It introduces context-switch rate-limiting. The patch enables the VM to batch
its work and prevents the system from spending most of its time in context
switches because of a VM that is waking/sleeping at high rate.

ratelimit can be disabled by setting it to 0.

Signed-off-by: Anshul Makkar <anshul.makkar@citrix.com>
Reviewed-by: George Dunlap <george.dunlap@citrix.com>
Reviewed-by: Dario Faggioli <dario.faggioli@citrix.com>
---
 Changes in v3:
 * General fixes based on the review comments from v1 and v2.
---
 xen/common/sched_credit2.c | 111 ++++++++++++++++++++++++++++++++++-----------
 1 file changed, 85 insertions(+), 26 deletions(-)

diff --git a/xen/common/sched_credit2.c b/xen/common/sched_credit2.c
index b92226c..d9f39dc 100644
--- a/xen/common/sched_credit2.c
+++ b/xen/common/sched_credit2.c
@@ -377,6 +377,7 @@ struct csched2_private {
 
     unsigned int load_precision_shift;
     unsigned int load_window_shift;
+    unsigned ratelimit_us; /* each cpupool can have its onw ratelimit */
 };
 
 /*
@@ -2029,6 +2030,34 @@ csched2_dom_cntl(
     return rc;
 }
 
+static int csched2_sys_cntl(const struct scheduler *ops,
+                            struct xen_sysctl_scheduler_op *sc)
+{
+    int rc = -EINVAL;
+    xen_sysctl_credit_schedule_t *params = &sc->u.sched_credit;
+    struct csched2_private *prv = CSCHED2_PRIV(ops);
+    unsigned long flags;
+
+    switch (sc->cmd )
+    {
+        case XEN_SYSCTL_SCHEDOP_putinfo:
+            if ( params->ratelimit_us &&
+                ( params->ratelimit_us > XEN_SYSCTL_SCHED_RATELIMIT_MAX ||
+                  params->ratelimit_us < XEN_SYSCTL_SCHED_RATELIMIT_MIN ))
+                return rc;
+            write_lock_irqsave(&prv->lock, flags);
+            prv->ratelimit_us = params->ratelimit_us;
+            write_unlock_irqrestore(&prv->lock, flags);
+            break;
+
+        case XEN_SYSCTL_SCHEDOP_getinfo:
+            params->ratelimit_us = prv->ratelimit_us;
+            rc = 0;
+            break;
+    }
+    return rc;
+}
+
 static void *
 csched2_alloc_domdata(const struct scheduler *ops, struct domain *dom)
 {
@@ -2098,12 +2127,14 @@ csched2_dom_destroy(const struct scheduler *ops, struct domain *dom)
 
 /* How long should we let this vcpu run for? */
 static s_time_t
-csched2_runtime(const struct scheduler *ops, int cpu, struct csched2_vcpu *snext)
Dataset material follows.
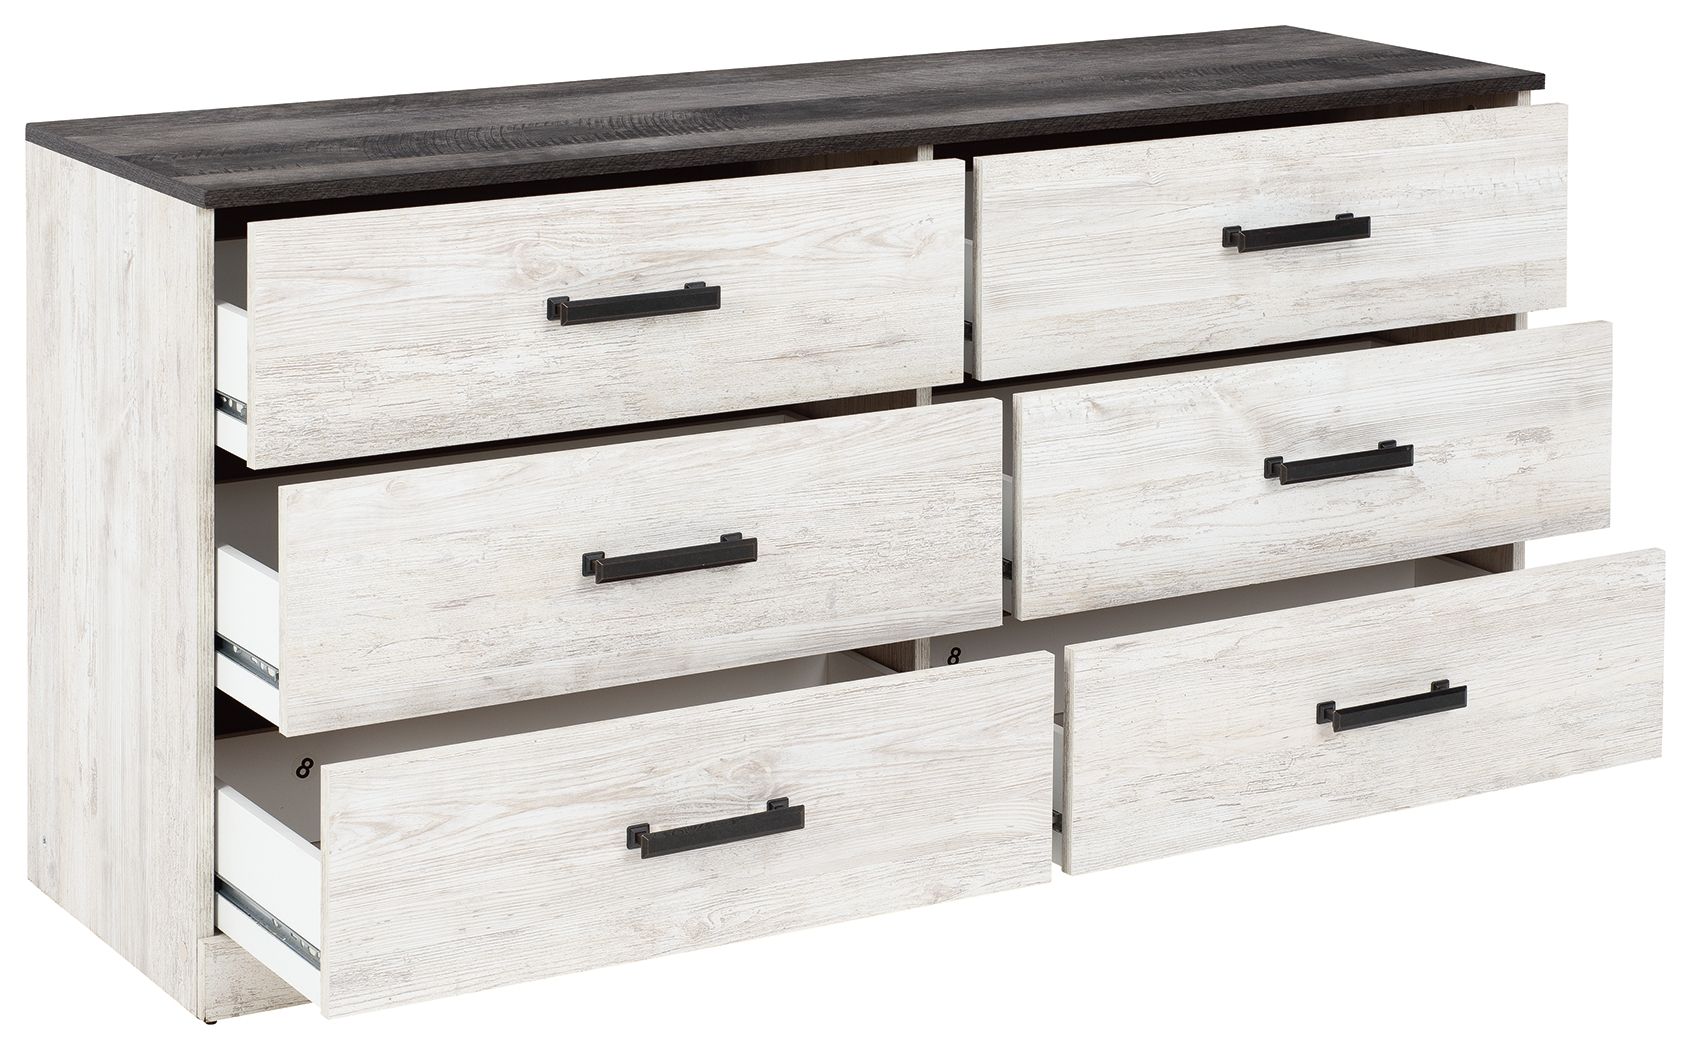 Shawburn Dresser - 6 Drawers (White/Black/Gray)

+csched2_runtime(const struct scheduler *ops, int cpu,
+                struct csched2_vcpu *snext, s_time_t now)
 {
-    s_time_t time; 
+    s_time_t time, min_time;
     int rt_credit; /* Proposed runtime measured in credits */
     struct csched2_runqueue_data *rqd = RQD(ops, cpu);
     struct list_head *runq = &rqd->runq;
+    struct csched2_private *prv = CSCHED2_PRIV(ops);
 
     /*
      * If we're idle, just stay so. Others (or external events)
@@ -2116,9 +2147,22 @@ csched2_runtime(const struct scheduler *ops, int cpu, struct csched2_vcpu *snext
      * 1) Run until snext's credit will be 0
      * 2) But if someone is waiting, run until snext's credit is equal
      * to his
-     * 3) But never run longer than MAX_TIMER or shorter than MIN_TIMER.
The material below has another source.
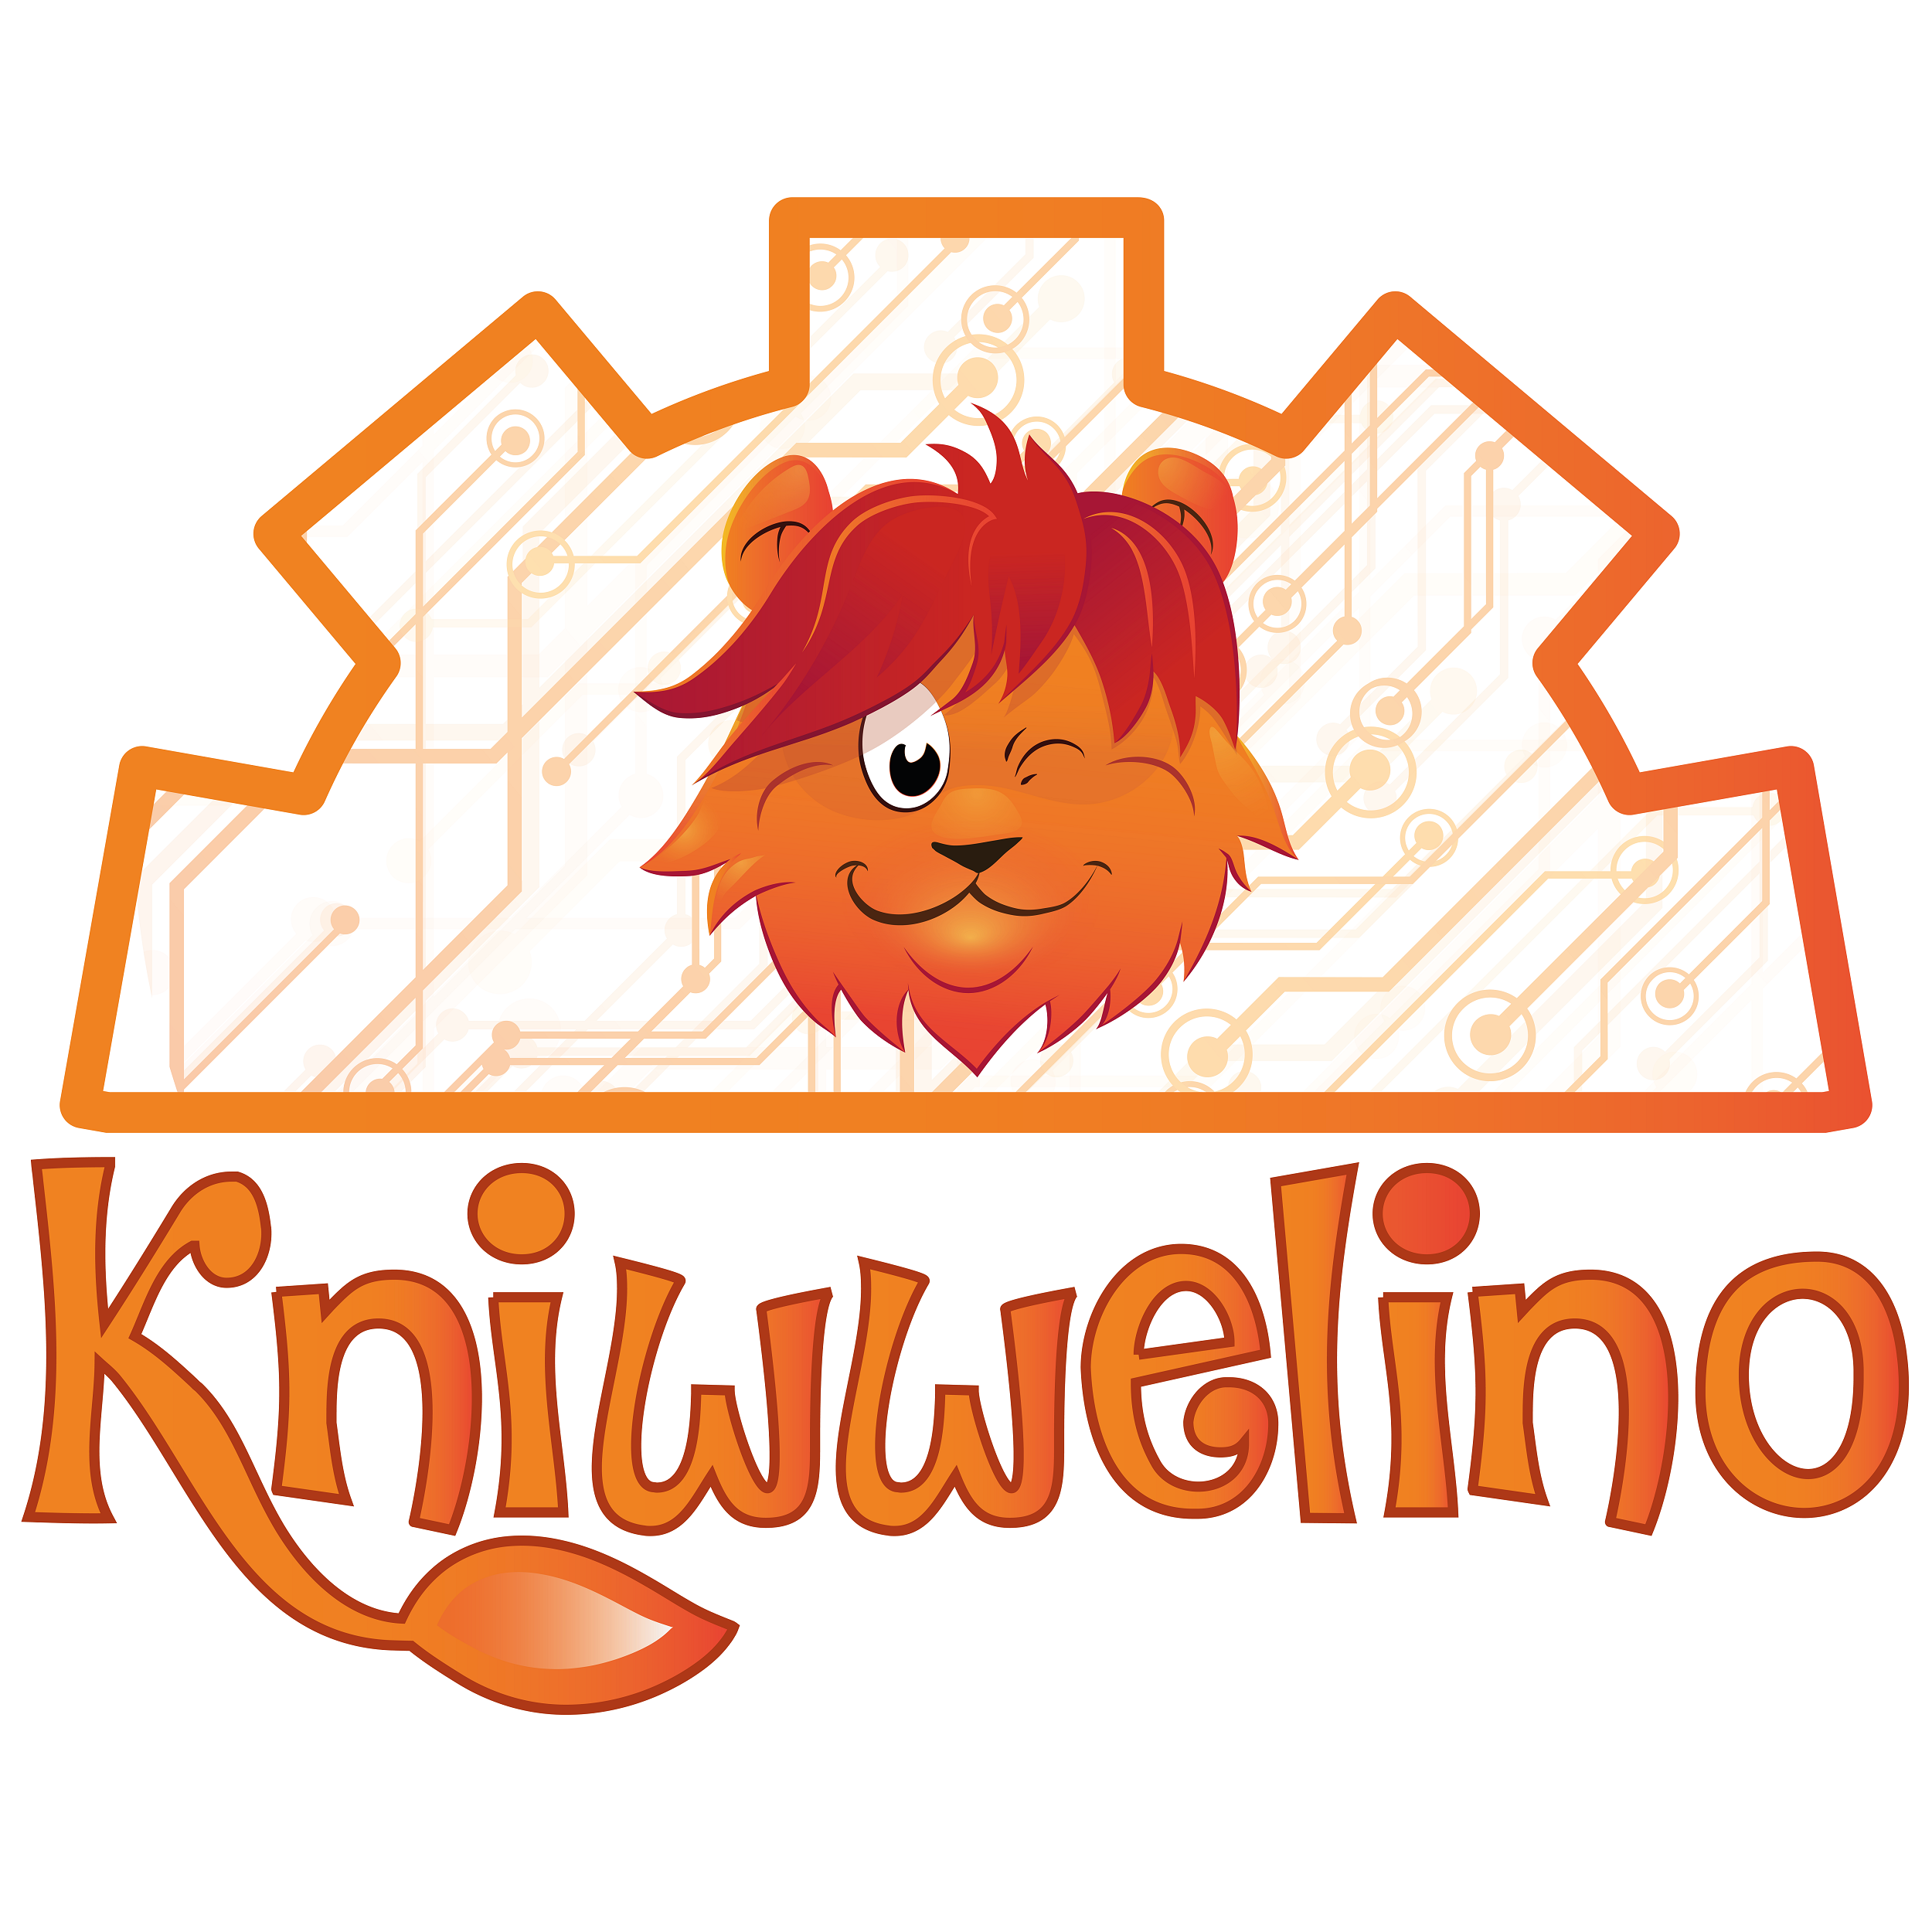 Kniwwelino fond avec Lino et le logo

+     * 3) But never run longer than MAX_TIMER or shorter than MIN_TIMER or
+     * the ratelimit time.
      */
 
+    /* Calculate mintime */
+    min_time = CSCHED2_MIN_TIMER;
+    if ( prv->ratelimit_us )
+    {
+        s_time_t ratelimit_min = prv->ratelimit_us;
+        if ( snext->vcpu->is_running )
+            ratelimit_min = snext->vcpu->runstate.state_entry_time +
+                            MICROSECS(prv->ratelimit_us) - now;
+        if ( ratelimit_min > min_time )
+            min_time = ratelimit_min;
+    }
+
     /* 1) Basic time: Run until credit is 0. */
     rt_credit = snext->credit;
 
@@ -2135,32 +2179,32 @@ csched2_runtime(const struct scheduler *ops, int cpu, struct csched2_vcpu *snext
         }
     }
 
-    /* The next guy may actually have a higher credit, if we've tried to
-     * avoid migrating him from a different cpu.  DTRT.  */
-    if ( rt_credit <= 0 )
+    /*
+     * The next guy on the runqueue may actually have a higher credit,
+     * if we've tried to avoid migrating him from a different cpu.
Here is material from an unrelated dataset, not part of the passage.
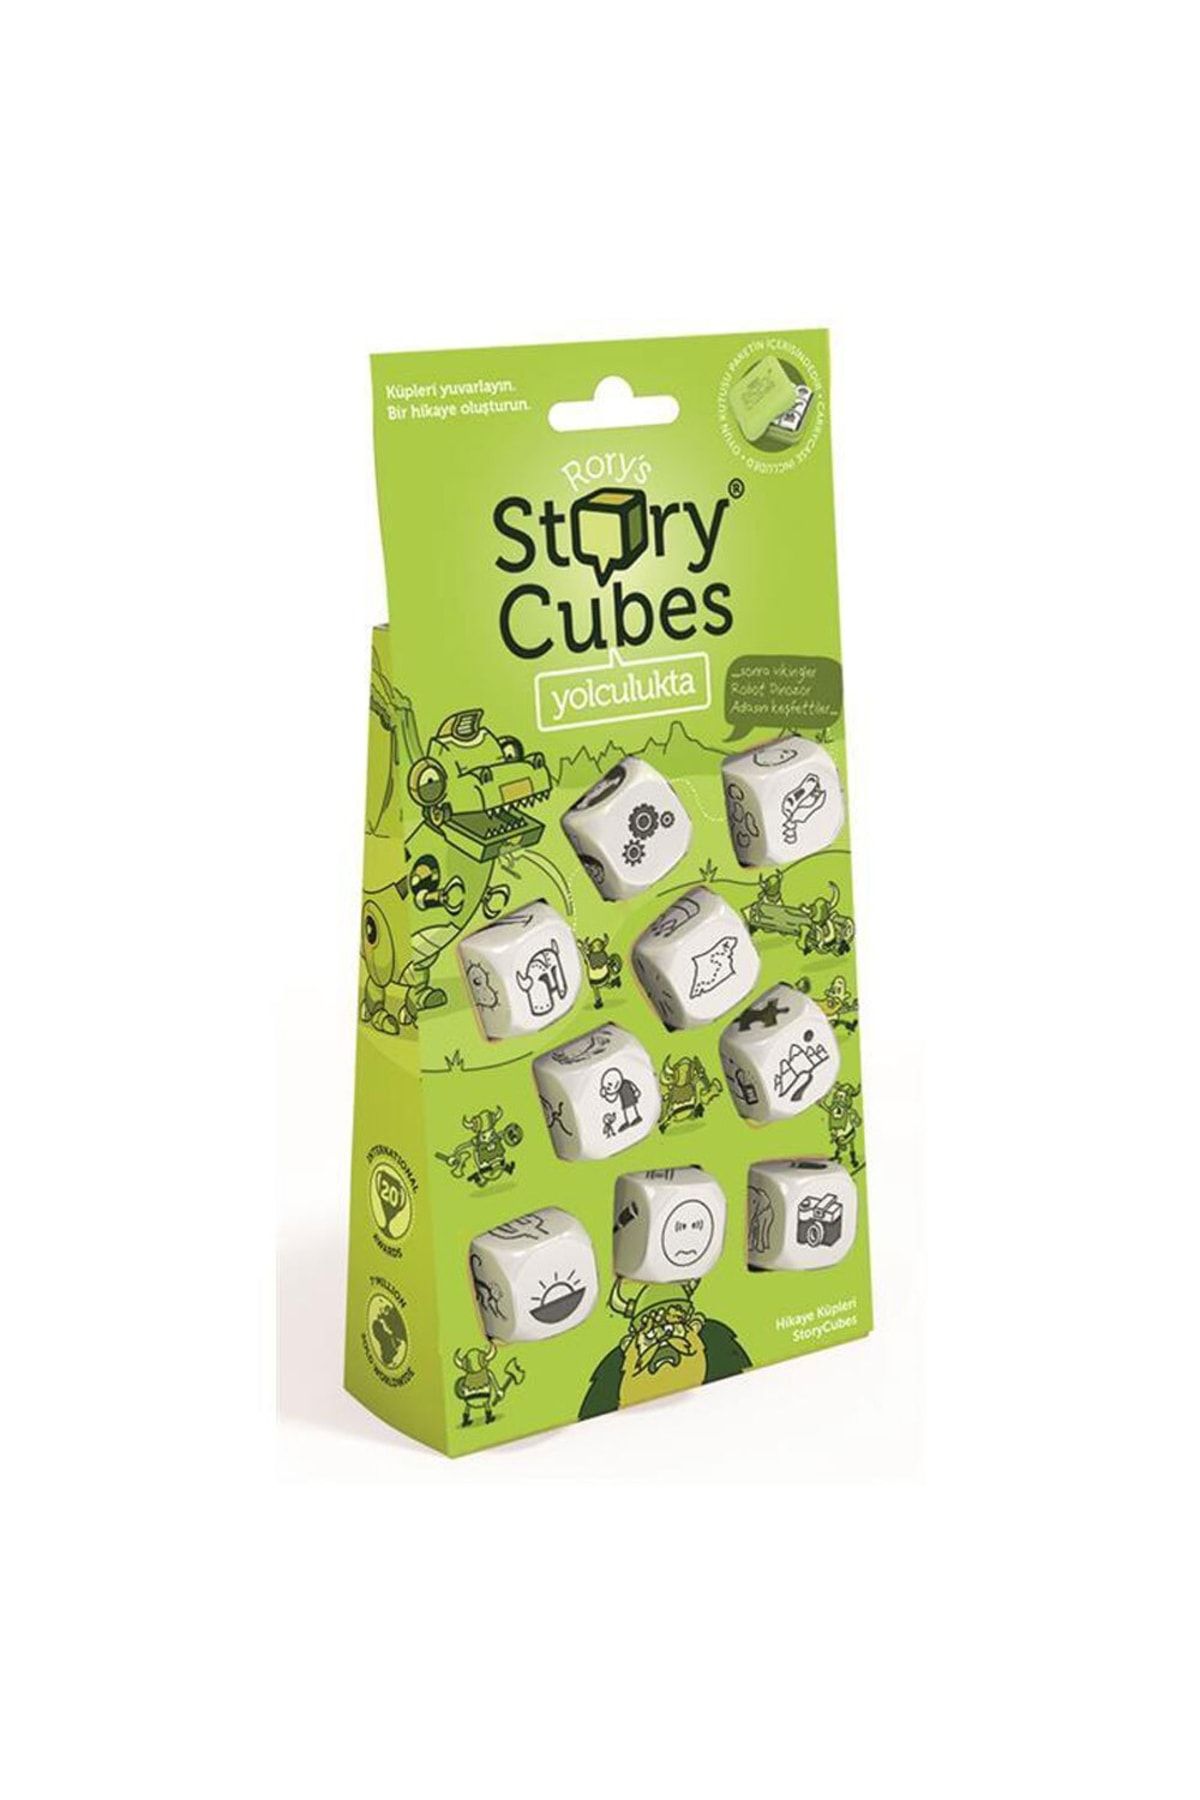 The Creativiy Hub Rory'nin Hikaye Küpleri - Yolculukta - Hediyelik (rory's Story Cubes - Voyages)

+     * Setting time=0 will ensure the minimum timeslice is chosen.
+     *
+     * FIXME: See if we can eliminate this conversion if we know time
+     * will be outside (MIN,MAX).  Probably requires pre-calculating
+     * credit values of MIN,MAX per vcpu, since each vcpu burns credit
+     * at a different rate.
+     */
+    if (rt_credit > 0)
+        time = c2t(rqd, rt_credit, snext);
+    else
+        time = 0;
+
+    /* 3) But never run longer than MAX_TIMER or less than MIN_TIMER or
+     * the rate_limit time. */
+    if ( time < min_time)
     {
-        time = CSCHED2_MIN_TIMER;
+        time = min_time;
         SCHED_STAT_CRANK(runtime_min_timer);
     }
-    else
+    else if (time > CSCHED2_MAX_TIMER)
     {
-        /* FIXME: See if we can eliminate this conversion if we know time
-         * will be outside (MIN,MAX).  Probably requires pre-calculating
-         * credit values of MIN,MAX per vcpu, since each vcpu burns credit
-         * at a different rate. */
-        time = c2t(rqd, rt_credit, snext);
-
-        /* Check limits */
-        if ( time < CSCHED2_MIN_TIMER )
-        {
-            time = CSCHED2_MIN_TIMER;
-            SCHED_STAT_CRANK(runtime_min_timer);
-        }
-        else if ( time > CSCHED2_MAX_TIMER )
-        {
-            time = CSCHED2_MAX_TIMER;
-            SCHED_STAT_CRANK(runtime_max_timer);
-        }
+        time = CSCHED2_MAX_TIMER;
+        SCHED_STAT_CRANK(runtime_max_timer);
     }
 
     return time;
@@ -2178,6 +2222,7 @@ runq_candidate(struct csched2_runqueue_data *rqd,
 {
     struct list_head *iter;
     struct csched2_vcpu *snext = NULL;
+    struct csched2_private *prv = CSCHED2_PRIV(per_cpu(scheduler, cpu));
 
     /* Default to current if runnable, idle otherwise */
     if ( vcpu_runnable(scurr->vcpu) )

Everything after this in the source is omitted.